How to prove the following inequality $x+y\ge2$

Question

Let $x$ and $y$ be two real positive integers, such that: $x+y+xy=3$ prove that $x+y\ge2$ I tried some simplifications like this one $x(1+y)=3-y$ and $y(1+x)=3-x$ and using the fact that both of $x$ and $y$ are positive may help us but I can't solve the problem.

Answer 1

By AM-GM $$3=x+y+xy\leq x+y+\left(\frac{x+y}{2}\right)^2,$$ which gives $$(x+y)^2+4(x+y)\geq12$$ or $$(x+y+2)^2\geq16$$ or $$x+y\geq2.$$

Answer 2

This identity needs no introduction: $$(x+y)^2=x^2 +y^2 + 2xy$$ By hypothesis: $$6=2x+2y+2xy$$ Subtracting: $$(x+y)^2 -6 = x^2 - 2x + y^2 -2y$$ Rearranging: $$(x+y)^2= (x-1)^2 + (y-1)^2 +4$$ Each term on the right hand side is non-negative, so $$(x+y)^2 \ge 4.$$ Since $x$ and $y$ are both positive: $$x+y\ge 2.$$

Answer 3

Given: $$x+y+xy=3$$ Its easy to see: $$x+y+xy+1=3+1$$ which gives, $$(1+x)(1+y)=4$$ where $(1+x),(1+y) > 0 $

Now applying AM-GM inequality: $$\frac{(1+x)+(1+y)}2 \ge \sqrt{(1+x)(1+y)} $$ which gives, $$\frac{2 + x +y}2 \ge \sqrt{4} $$ or $$x+y\geq2.$$

Answer 4

$x+y \geq 2$ doesn't need to be proved from your relation as both $x$ and $y$ are positive integers they are both greater or equal to one and thus the sum of the two must be greater or equal than two.

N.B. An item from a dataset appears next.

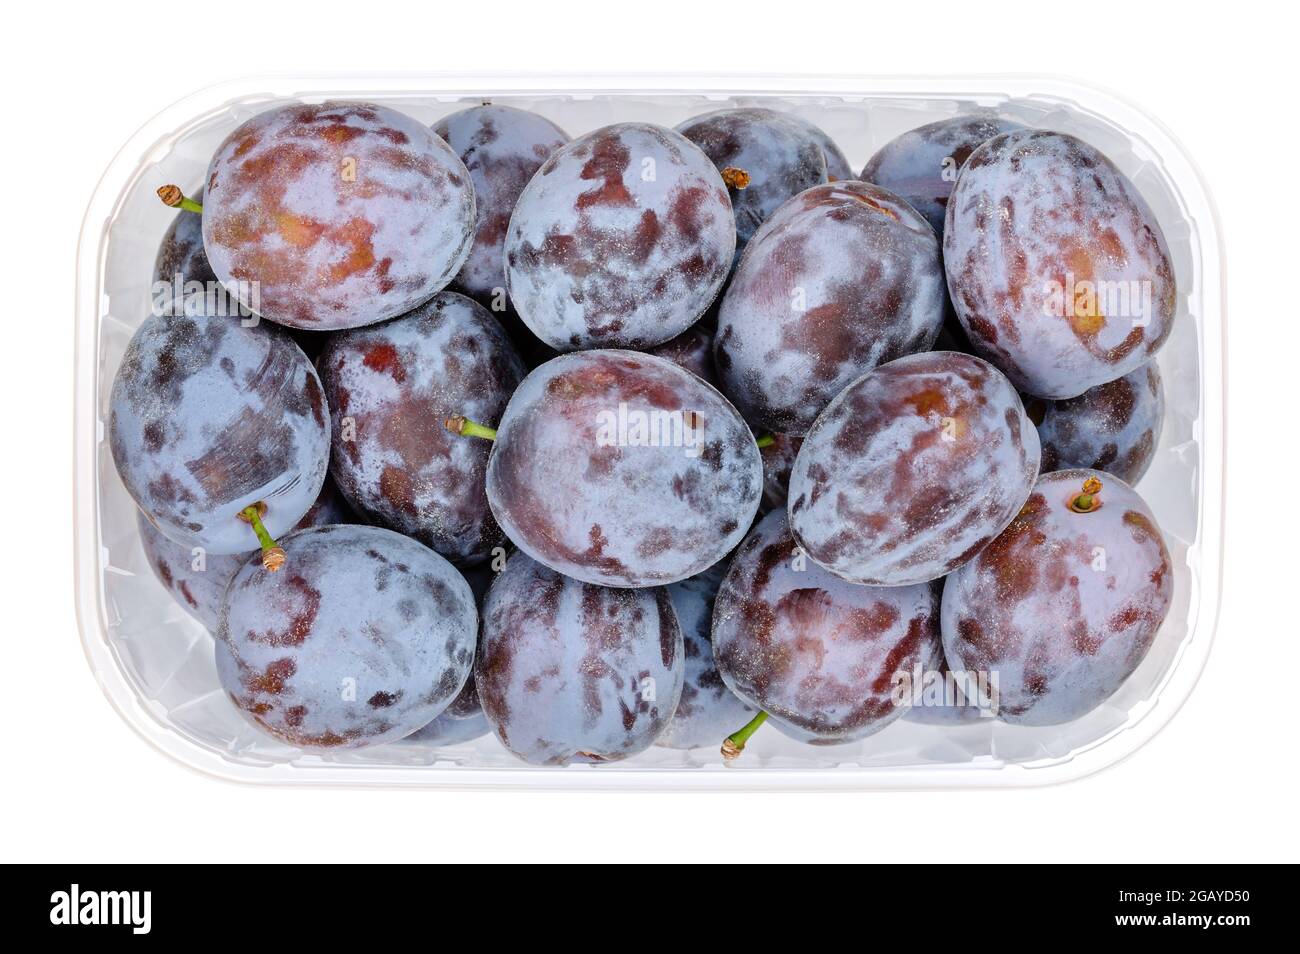 Pruneaux mûrs dans un récipient en plastique transparent. Fruit frais et une sous-espèce de Prunus domestica, un fruit de freestone, également appelé prune européenne. Banque D'Images

The fact that $4 = (1+x)(1+y)$ also implies that $x=y=1$

Answer 5

We can also take a geometrical interpretation. The equation $ \ x + y + xy = 3 \ $ describes a translated rectangular hyperbola, of which we are only interested in the portion in the first quadrant. We can rotate the curve to place its focal axis on a "horizontal" axis using the coordinate substitution $ \ x \ = \ \frac{\sqrt2}{2}·(u + v) \ , \ y \ = \ \frac{\sqrt2}{2}·(u - v) \ \ ; $ this produces $$ \frac{\sqrt2}{2}·(u + v + u - v) \ + \ \frac12·(u + v)·(u - v) \ \ = \ \ 3 \ \ \Rightarrow \ \ \sqrt2·u \ + \ \frac12·(u^2 - v^2) \ = \ 3 $$ $$ \Rightarrow \ \ \frac{u^2 \ + \ 2\sqrt2·u \ + \ 1}{2} \ - \ \frac{v^2}{2} \ \ = \ \ 3 \ + \ 1 \ \ \Rightarrow \ \ \frac{(u \ + \ \sqrt2)^2 }{2} \ - \ \frac{v^2}{2} \ \ = \ \ 4 \ \ . $$ The vertices of the hyperbola lie on the $ \ u-$axis $ \ ( \ v = 0 \ ) \ $ at $ \ (u \ + \ \sqrt2)^2 \ = \ 2·4 \ \Rightarrow \ u + \sqrt2 \ = \ \pm \ 2\sqrt2 \ \ . $ We want the vertex with positive $ \ u-$coordinate, which is then found on the line $$ x + y \ \ = \ \ \frac{\sqrt2}{2}·(u + v + u - v) \ \ = \ \ \sqrt2·u \ \ = \ \ \sqrt2·\sqrt2 \ \ = \ \ 2 \ \ . $$ All other points on the "positive branch" of the hyperbola lie at this value or larger values of $ \ u \ \ , $ so we have $ \ \sqrt2·u \ \ = \ \ x + y \ \ \ge \ \ 2 \ \ . $

The restriction to positive integers is actually excessive. Since the intercepts of the positive branch are $ \ (0 \ , \ 3) \ $ and $ \ (3 \ , \ 0) \ \ , $ the only permissible values for $ \ x \ $ would be $ \ 1 \ $ and $ \ 2 \ \ . $ We find $$ 1 \ + \ y \ + \ 1·y \ \ = \ \ 3 \ \ \Rightarrow \ \ y \ = \ 1 \ \ \ \text{and} \ \ \ 2 \ + \ y \ + \ 2·y \ \ = \ \ 3 \ \ \Rightarrow \ \ y \ = \ \frac13 \ \ . $$

So the sole positive integer solution $ \ (1 \ , \ 1) \ $ gives us $ \ x + y \ = \ 2 \ \ , $ thereby "demonstrating" the inequality.